23. With reference to the tracing issue, the FTT did not err in finding that the Appellant had not been disadvantaged. The Appellant claimed that his family were in Pakistan, and that his parents had been killed, and the Appellant was being returned to Afghanistan, the country of which he is a citizen.
24. The FTT did err in failing to make any reference to section 117B of the 2002 Act. This error is not material. The Upper Tribunal found in Dube (ss.117A-117D) [2015] UKUT 00090 (IAC) that it is not an error of law to fail to refer to ss.117A-117D considerations if the judge has applied the test he or she was supposed to apply according to its terms; what matters is substance, not form.
25. Section 117B(1) states that the maintenance of effective immigration controls is in the public interest. It is clear that the FTT had regard to this in considering proportionality. There is specific reference in paragraph 22 to the "legitimate aim of fair and firm immigration control." The FTT balanced the Appellant's circumstances against the need to maintain effective immigration control.
26. There is no reference within ss.117A-117D to delay. There are circumstances when delay by the Respondent may strengthen an Appellant's claim. In this case there was a delay following the withdrawal of the decision in July 2012, as a new decision was not made until 10th July 2014. This was noted by the FTT in the first paragraph of the decision. The delay meant that the Appellant had spent longer in the United Kingdom, and there is no indication that the FTT did not take into account the length of time that the Appellant had been in this country.
27. The Upper Tribunal in AM (s.117B) Malawi [2015] UKUT 0260 (IAC) found that an Appellant can obtain no positive right to a grant of leave to remain from either s.117B(2) or (3), whatever the degree of his fluency in English, or the strength of his financial resources.
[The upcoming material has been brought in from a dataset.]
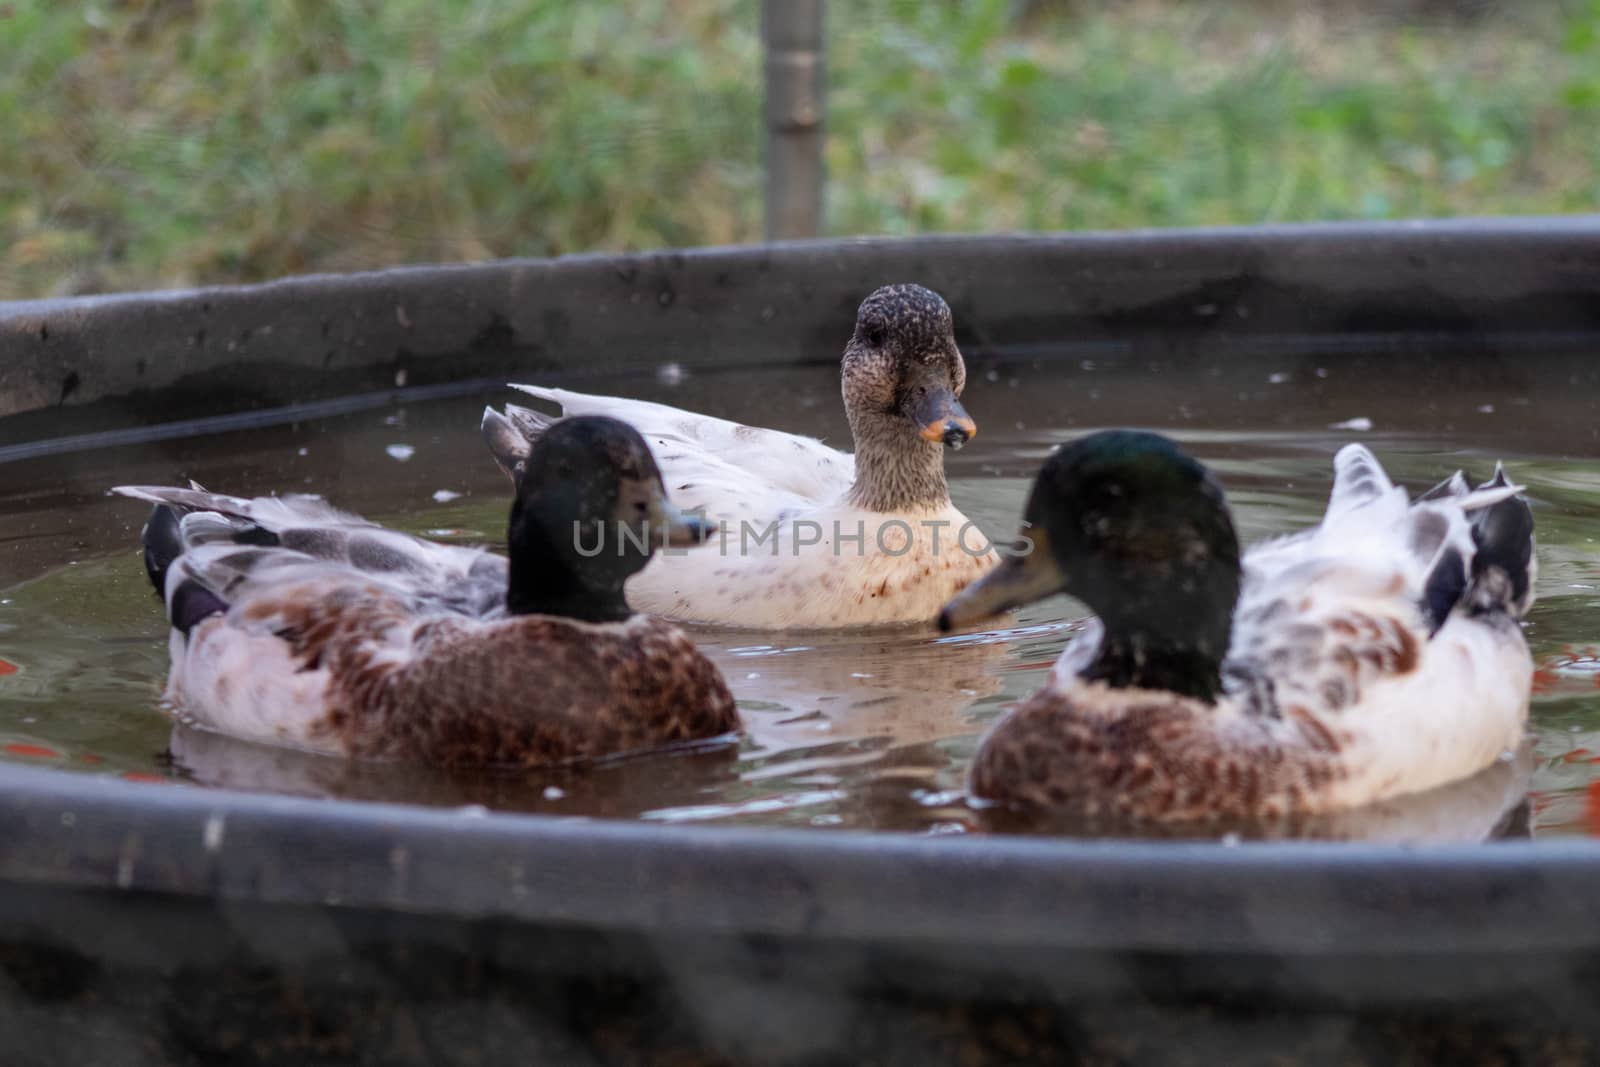 Snowy Call Ducks swimming in there little pool . High quality photo

Therefore if the FTT had specifically considered those factors, it would not have assisted the Appellant, if he had given evidence that he was fluent in English and financially independent.
28. If the FTT had considered s.117B(5) then it would have had to have accorded little weight to the private life established by the Appellant when his immigration status is precarious. The Appellant has only ever had a precarious immigration status, because he has only ever had limited leave to remain in this country. The FTT erred in not considering this, but in the circumstances the error is not material, as this could not have assisted the Appellant's case, and on the contrary, would have meant that little weight could have been attached to the private life that he had established since April 2009.
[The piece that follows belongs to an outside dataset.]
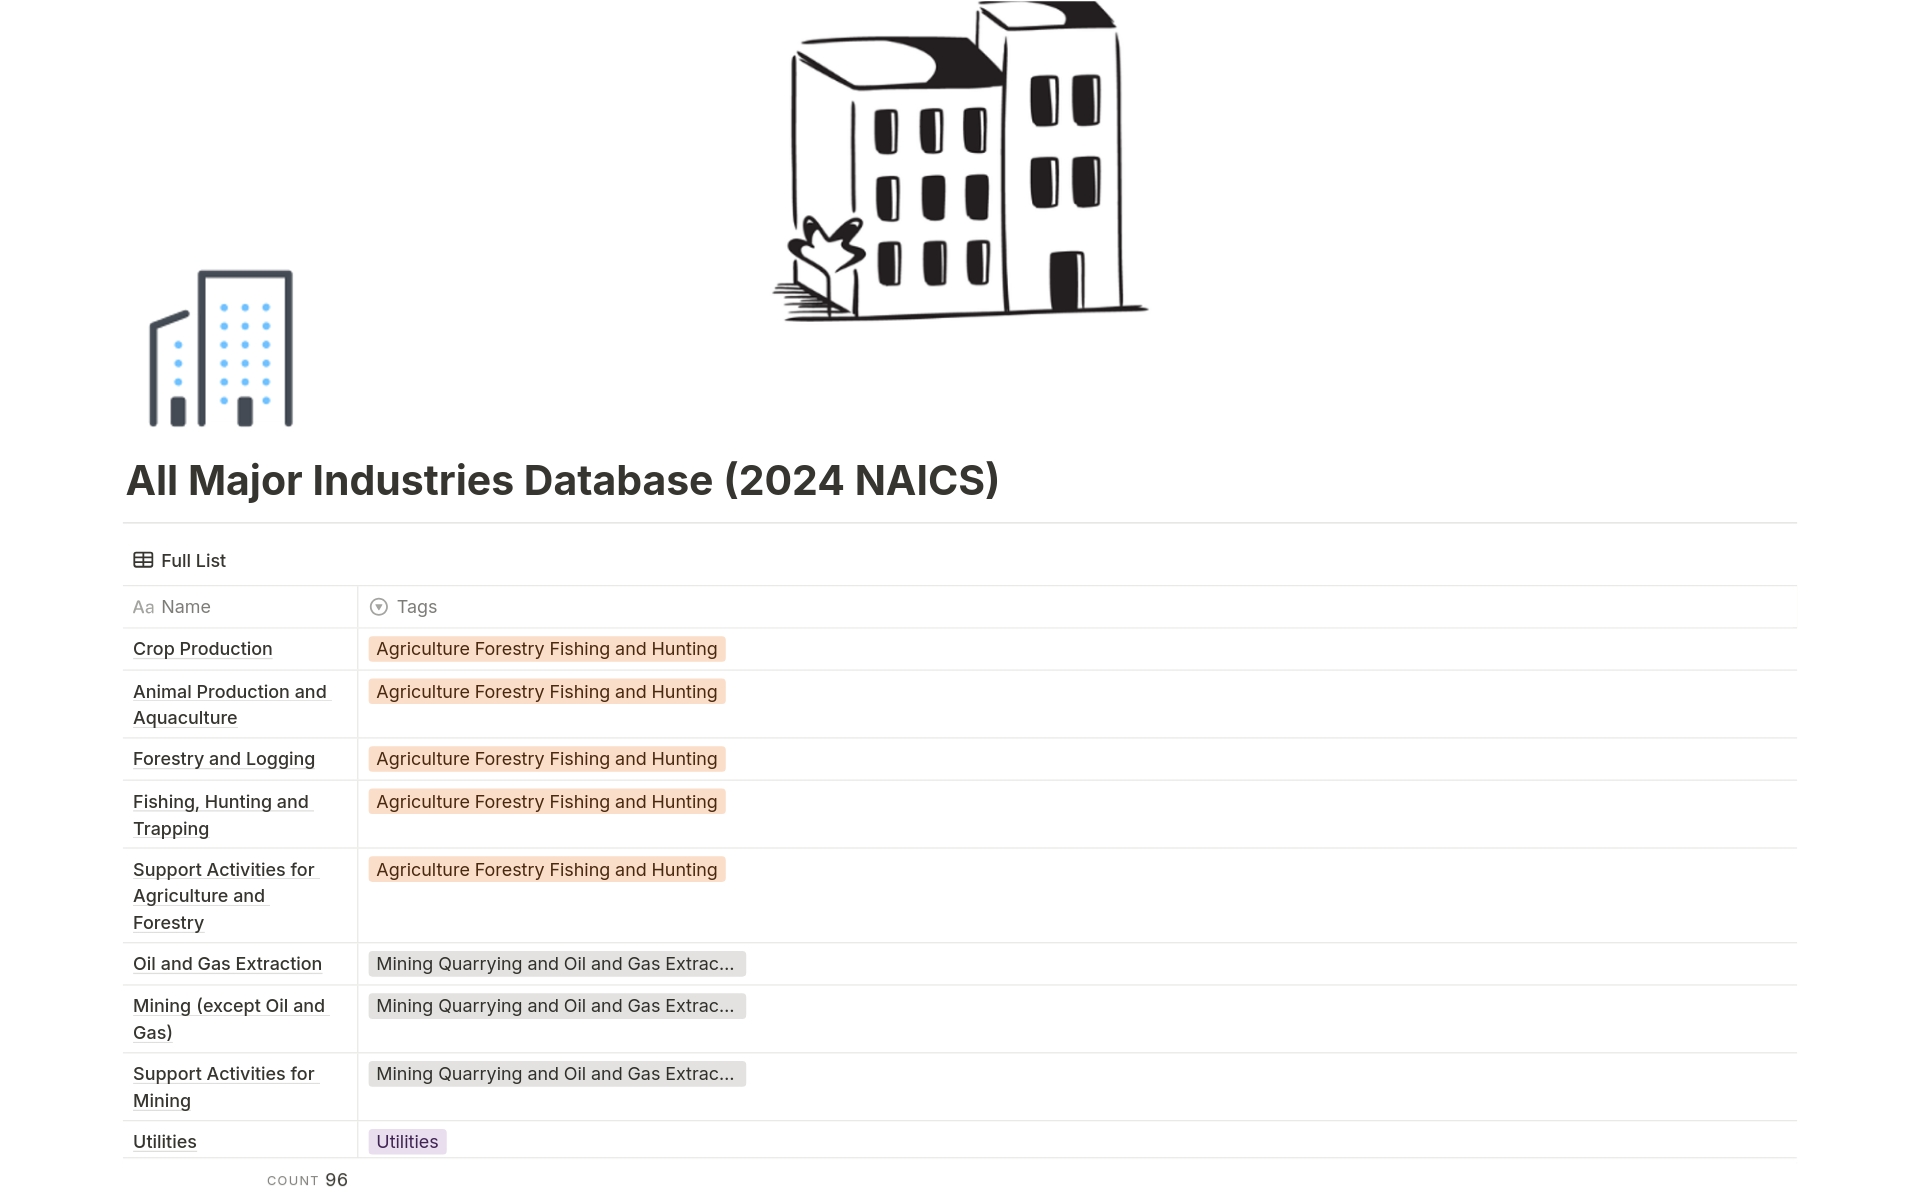 Explore a comprehensive database featuring a diverse array of major industries categorized according to the latest NAICS codes for 2024. Gain insights into each industry's name and its corresponding category, empowering your research and understanding of the contemporary business

29. The grounds display disagreement with the conclusion reached by the FTT in relation to Article 8 but they disclose no material error of law.
Notice of Decision
The making of the decision of the FTT did not involve the making of a material error of law such that the decision must be set aside. I do not set aside the decision. The appeal is dismissed.
Anonymity
No order for anonymity was made by the FTT. There has been no request to the Upper Tribunal for anonymity and I see no need to make an anonymity order.


Signed Date 22nd January 2016

Deputy Upper Tribunal Judge M A Hall



TO THE RESPONDENT
FEE AWARD
No fee is paid or is payable. The appeal is dismissed. There is no fee award.